Is The Diesel Dead?

March 23, 2015

The U.S. can be confusing to Europeans. They don't understand our versions of football or coffee, and please don't get them started on our waistlines. (After an eye-opening trip to a certain big-box store, a French visitor once said to me, "Yes, of course we have fat people, but they do not go out.")

Nor have they traditionally understood our aversion to diesel vehicles, but according to Detroit News, that may be changing -- not because shoppers aren't interested in diesels, but because incentives could soon guide Europeans elsewhere.

DIESEL: A BRIEF HISTORY

Several decades ago, America gave diesels a chance. Following the oil crisis of the 1970s, shoppers were more concerned than ever about fuel economy. The world's first mass-market hybrids were still years away, and so, many drivers turned to diesels.

It did not go well.

For starters, the diesels of that era were loud and obnoxious. To the blind, it was probably hard to distinguish between a big rig and a family station wagon. For some, just the smell of one of those diesels was a deal-breaker.

Then, there was the question of infrastructure. Owners quickly learned that not every gas station carries diesel. We had to change our habits and drive different routes. On long family road trips, parents scanned billboards for any mention of diesel. Elon Musk was still in short pants, but we were already familiar with the concept of range anxiety.

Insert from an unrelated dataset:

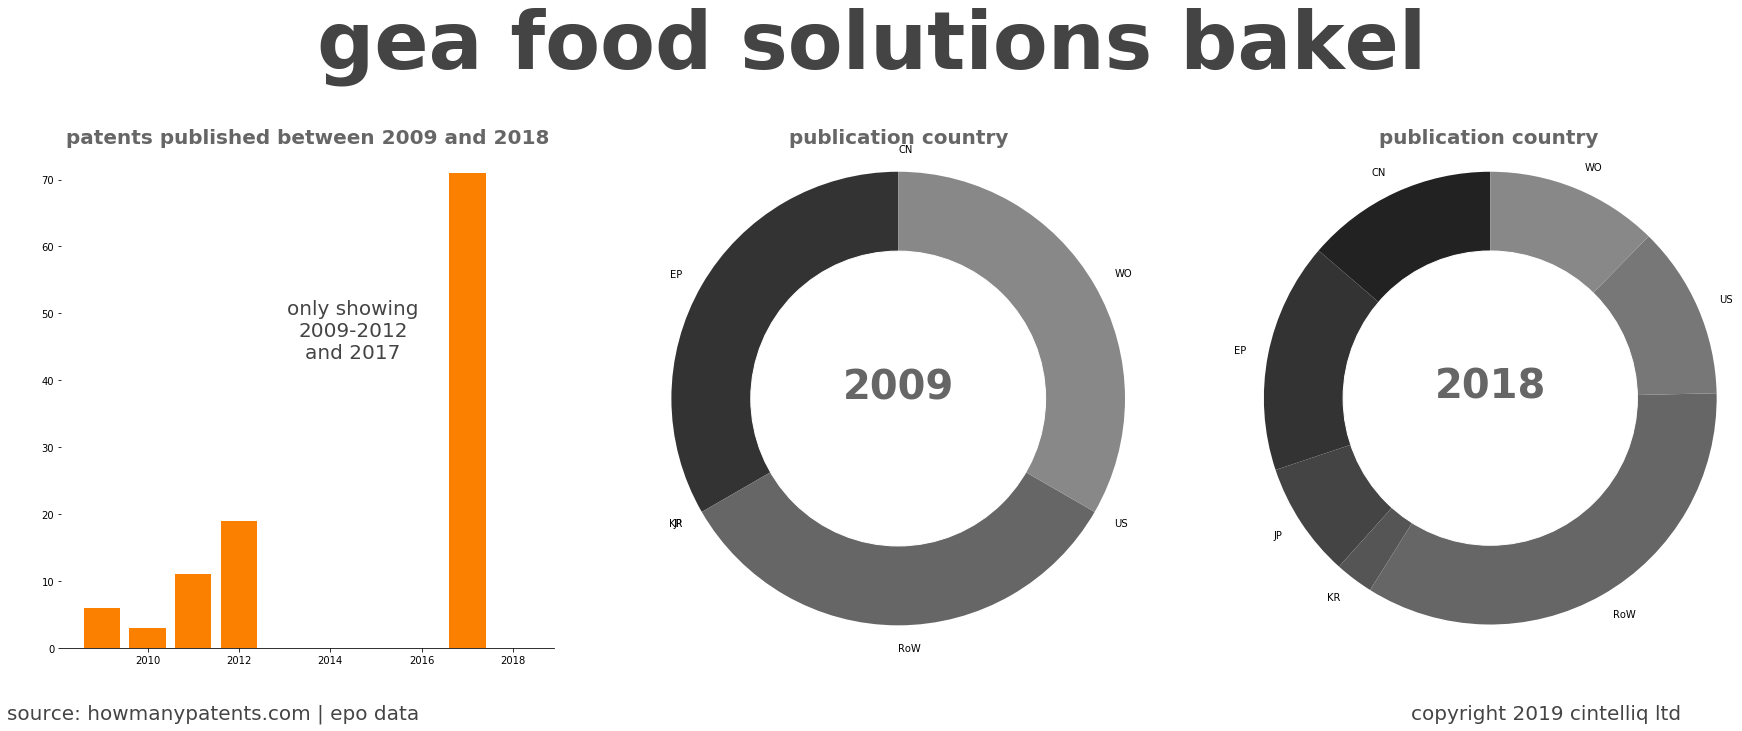 summary of patents for Gea Food Solutions Bakel

And so, the minute fuel prices relented, we abandoned ship and returned to good old gas.

Companies like Volkswagen still insist that diesel is a better way of boosting fuel economy and cutting emissions. They criticize regulations like those put forward by the U.S. Environmental Protection Agency that encourage the development of hybrid and electric vehicles, ignoring the possibilities offered by diesel.

But there's no getting around the fact that, by and large, Americans just aren't interested in diesel. Some of us still bear the scars of those old, rumbling, 1980ish models, but more importantly, Americans are always in search of the Next Big Thing. There's a reason that the hot, upstart automakers of today -- Tesla, Google, and (allegedly) Apple -- are focused on electric cars, not diesels.

But what about Europeans? For now, Europe remains devoted to diesel, but it seems to be getting the hint.

ADIEU, MON DIESEL

Despite repeated warnings of a collapse in the diesel market, demand remains strong in Europe. According to Peter Schmidt, editor of Automotive Industry Data, diesel sales in Western Europe accounted for 53.3 percent of the market in 2014. In 2013, the figure was 53.5 percent. Not much of a decline.

That could soon change, though -- not because shoppers are ready to move on, but because governments may encourage them to purchase other vehicles.

London, for example, is planning new emissions standards that aim to keep diesels out of the city center. On that front, however, the industry is ready for a counter attack: Great Britain's  Society of Motor Manufacturers and Traders recently launched an awareness campaign to reiterate that modern diesels aren't just efficient, they're clean, too. Lab tests offer them some quantitative evidence to back up those claims.

However, those stats won't do automakers much good if governments focus on encouraging electrics rather than banning diesels. (The distinction is subtle but important.) France is leading the way on that front: among the changes under consideration is a significant new incentive that would offer consumers €10,000 ($10,888 U.S.) for ditching their diesels and buying electric cars. 

OUR TAKE

In Europe, reports of diesel's demise are greatly exaggerated, but it's true that the sector has probably peaked. It's not just that the prices of alternative, fuel-efficient vehicles like hybrids and EVs grow more competitive every year. It's also that most of the world has moved on.

Europe may hold a sentimental attachment to diesels, but it's not likely strong enough to keep those vehicles in production. These days, Europe simply doesn't hold sway over the world's economy the way that America and China do. (On the other hand, America's stubborn adherence to the Standard/Imperial system of measurement is perhaps only made possible by its economic dominance.)

In short, companies like Volkswagen can continue to focus their energies on diesel development, and they'll probably remain profitable for another decade or so. But they'd better turn more of their attention to electrics, or they risk becoming quaint oddities instead of major players on the world's automotive stage.